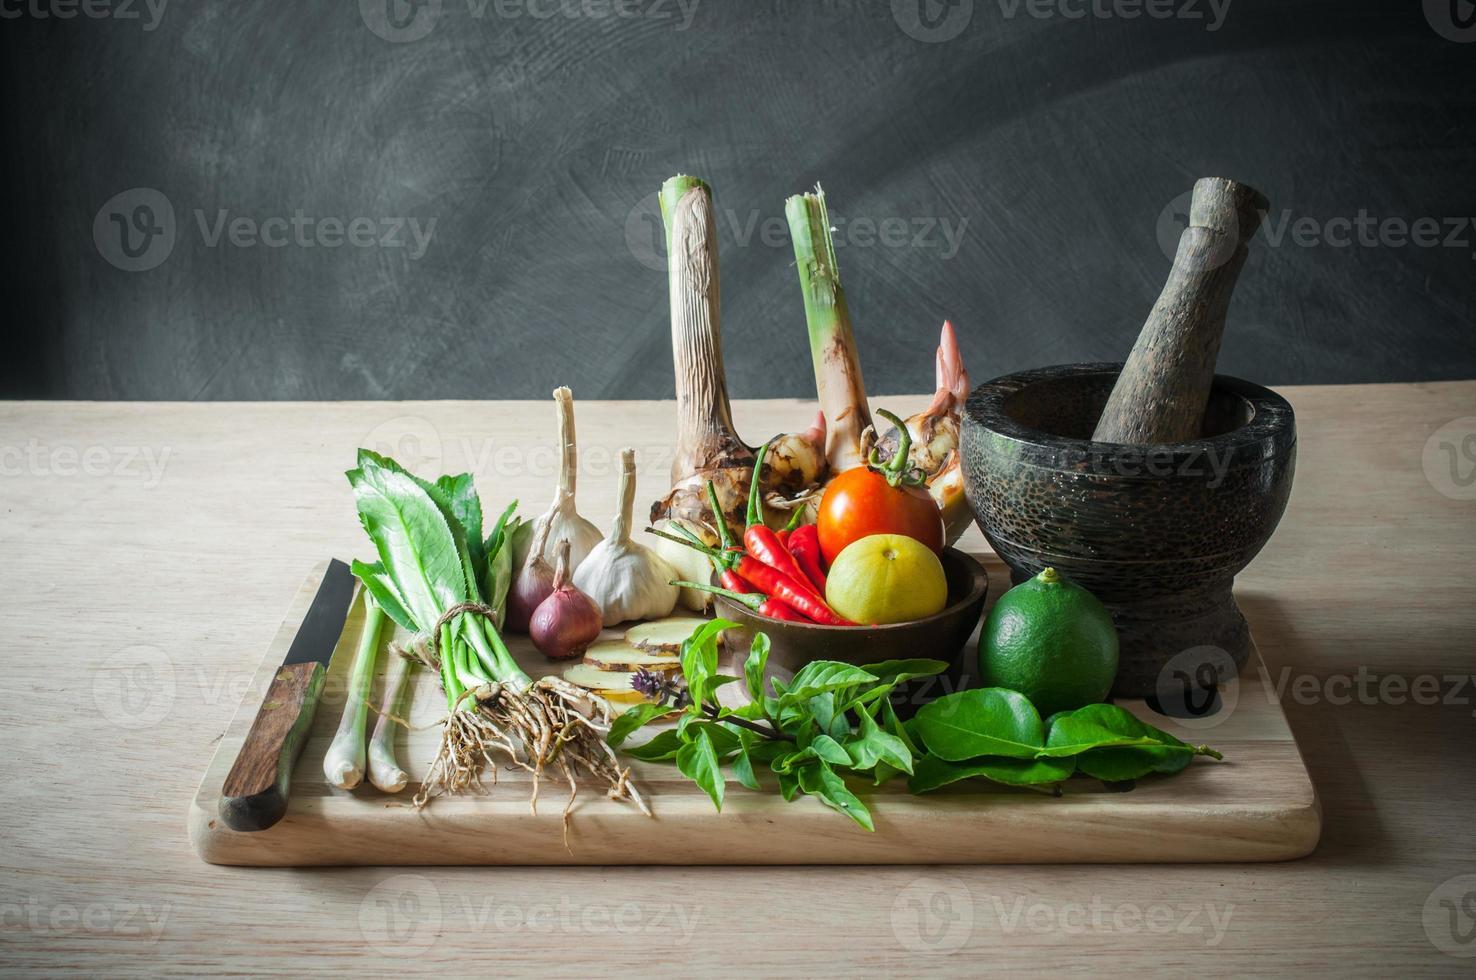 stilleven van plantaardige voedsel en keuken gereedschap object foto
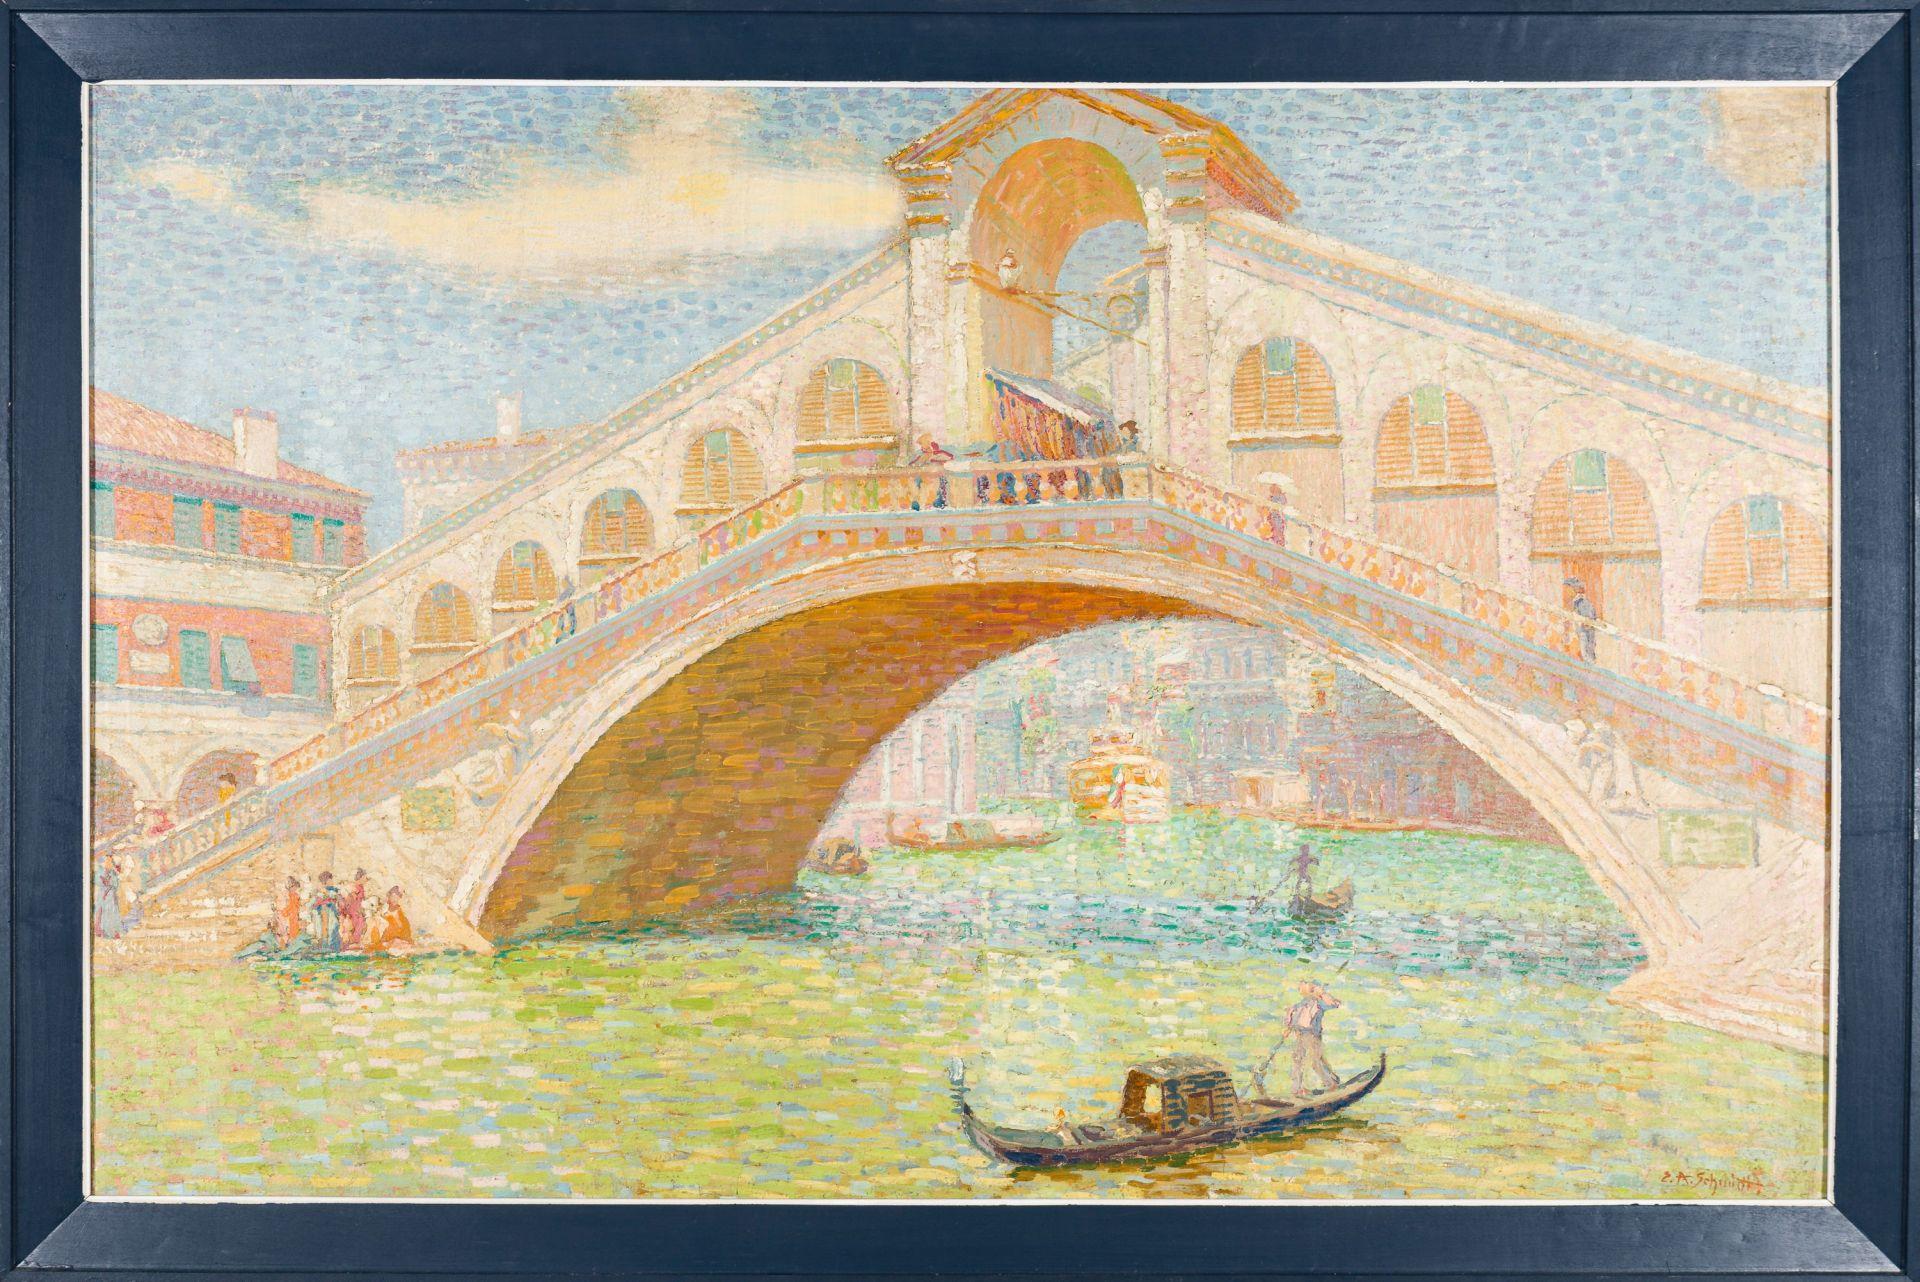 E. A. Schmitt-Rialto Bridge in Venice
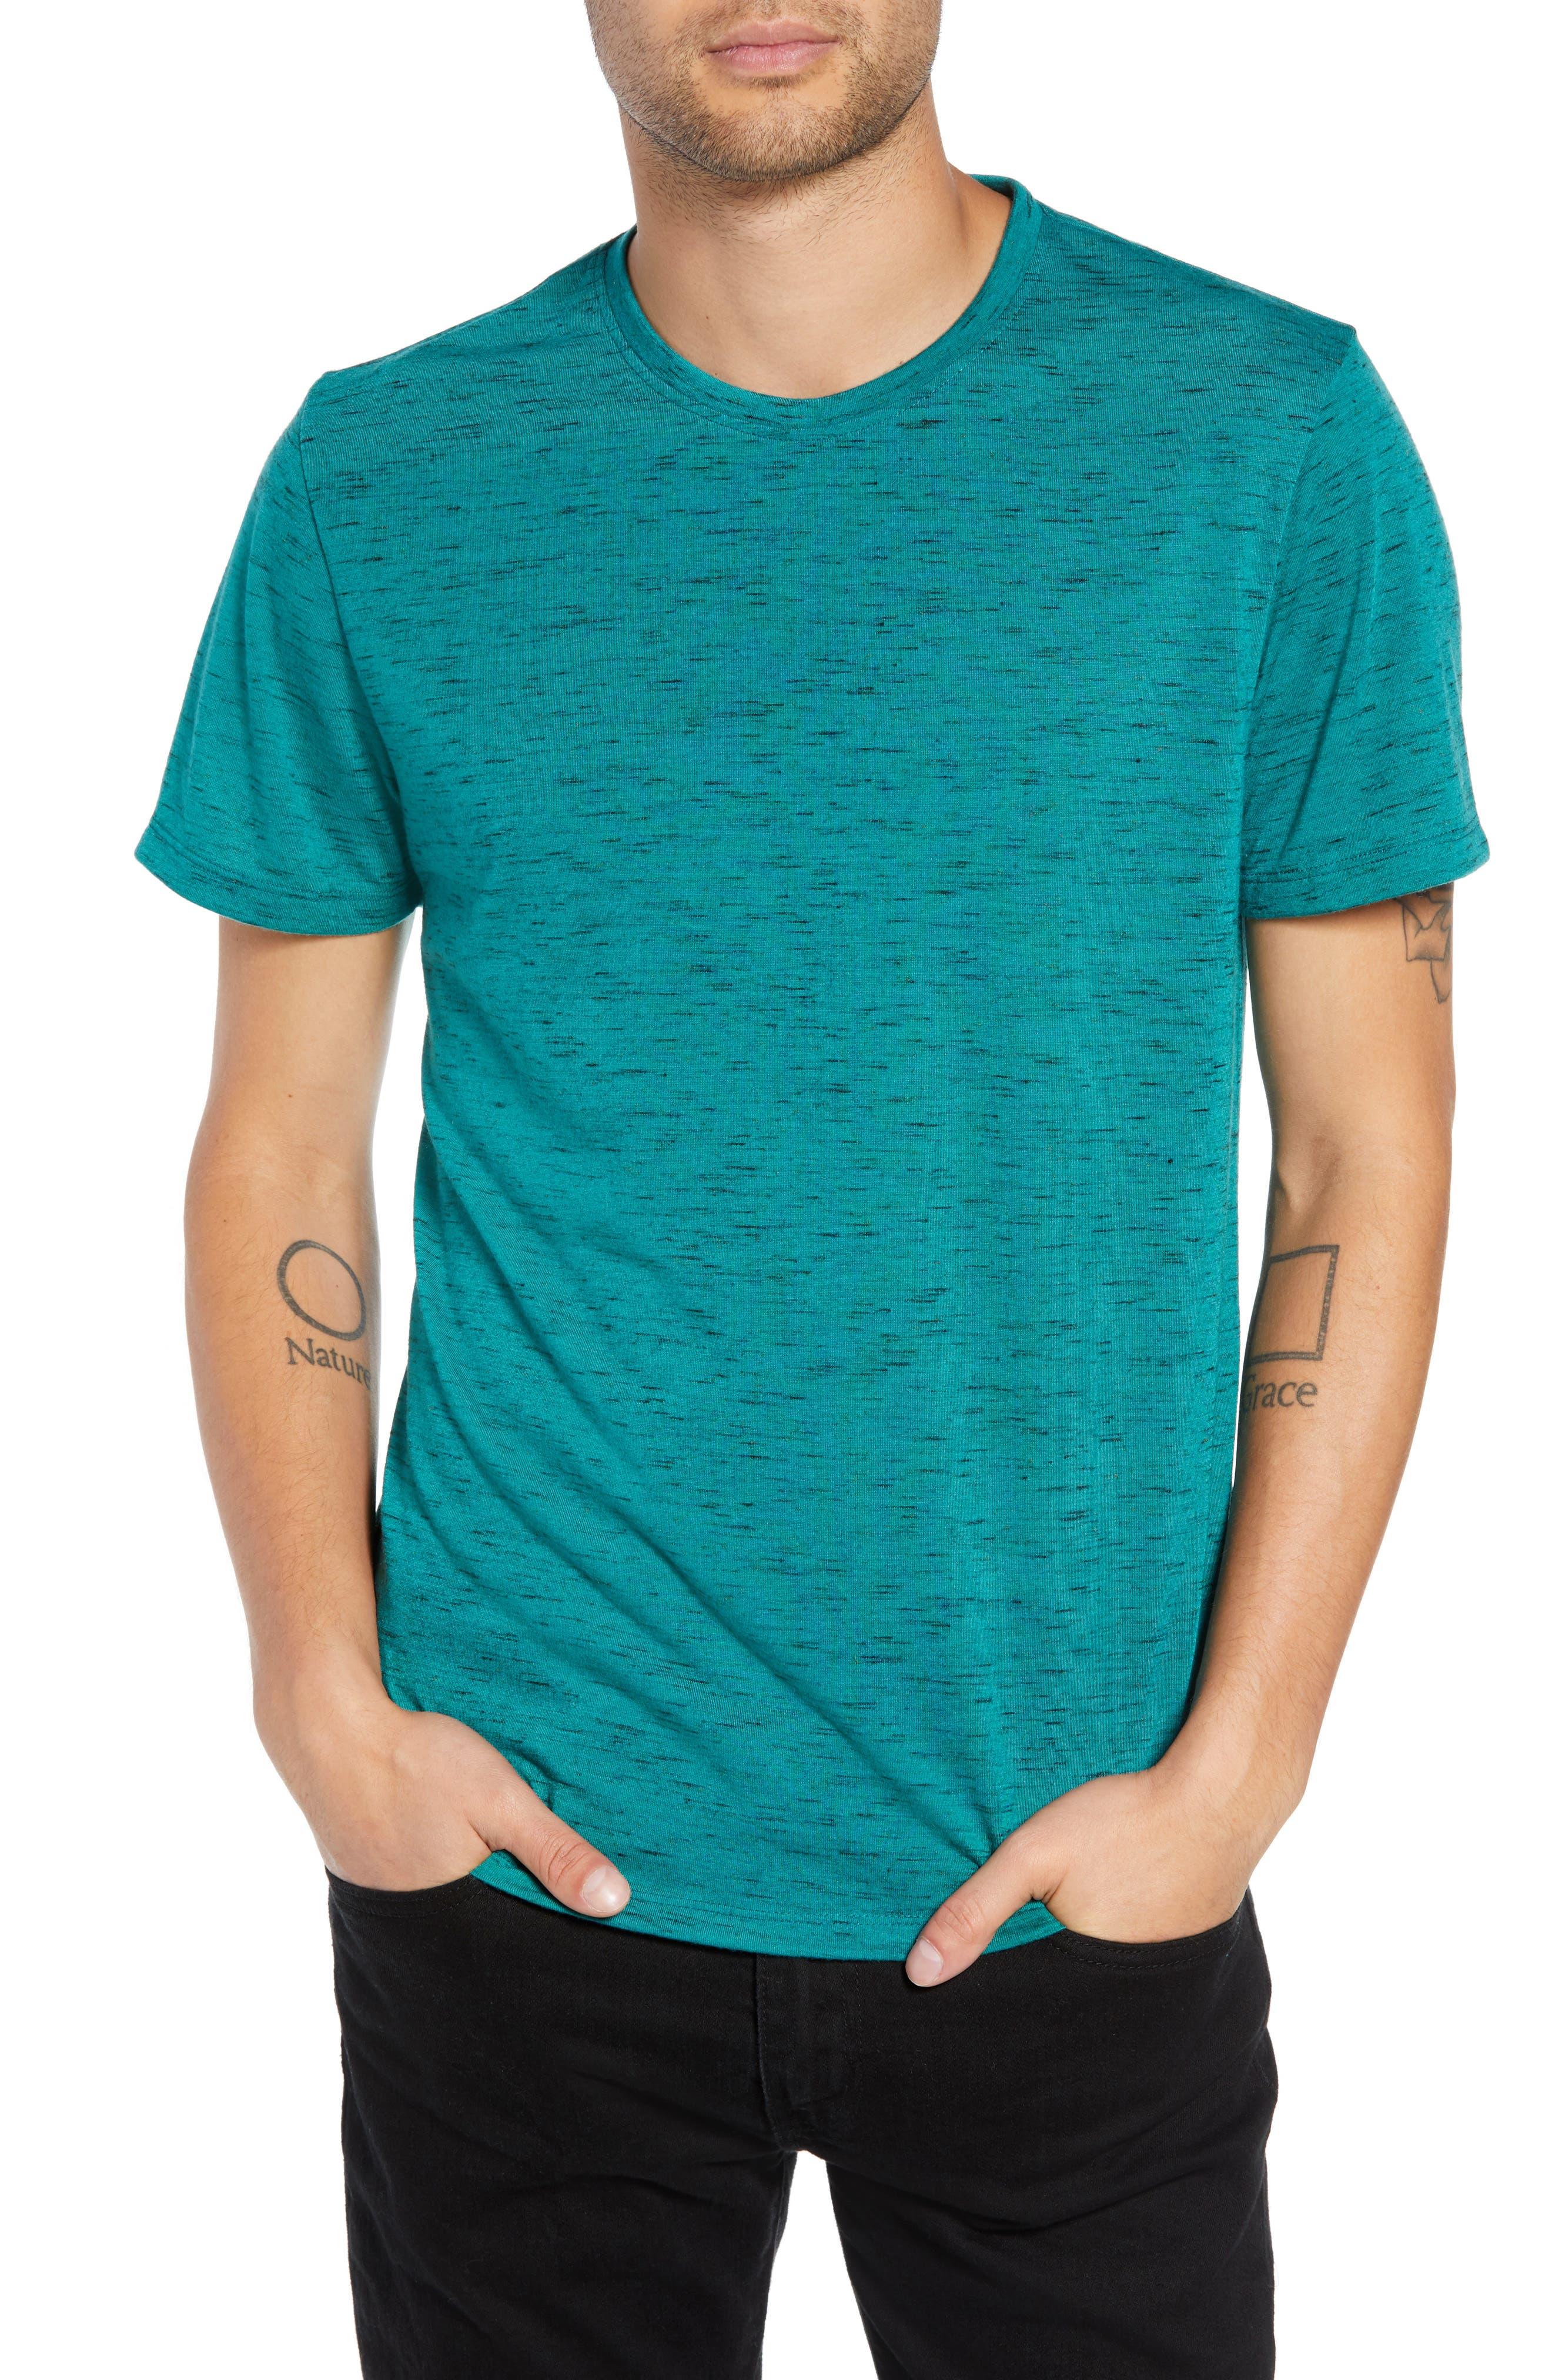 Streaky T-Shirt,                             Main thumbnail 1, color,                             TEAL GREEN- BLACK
□ □ □ □ □
* _Required action_: In the copy, omit the pictures and give every line of the data exactly.

* _Exercise answer_:
 stilleven van plantaardige voedsel en keuken gereedschap object foto
 E. A. Schmitt-Rialto Bridge in Venice
 Streaky T-Shirt,                             Main thumbnail 1, color,                             TEAL GREEN- BLACK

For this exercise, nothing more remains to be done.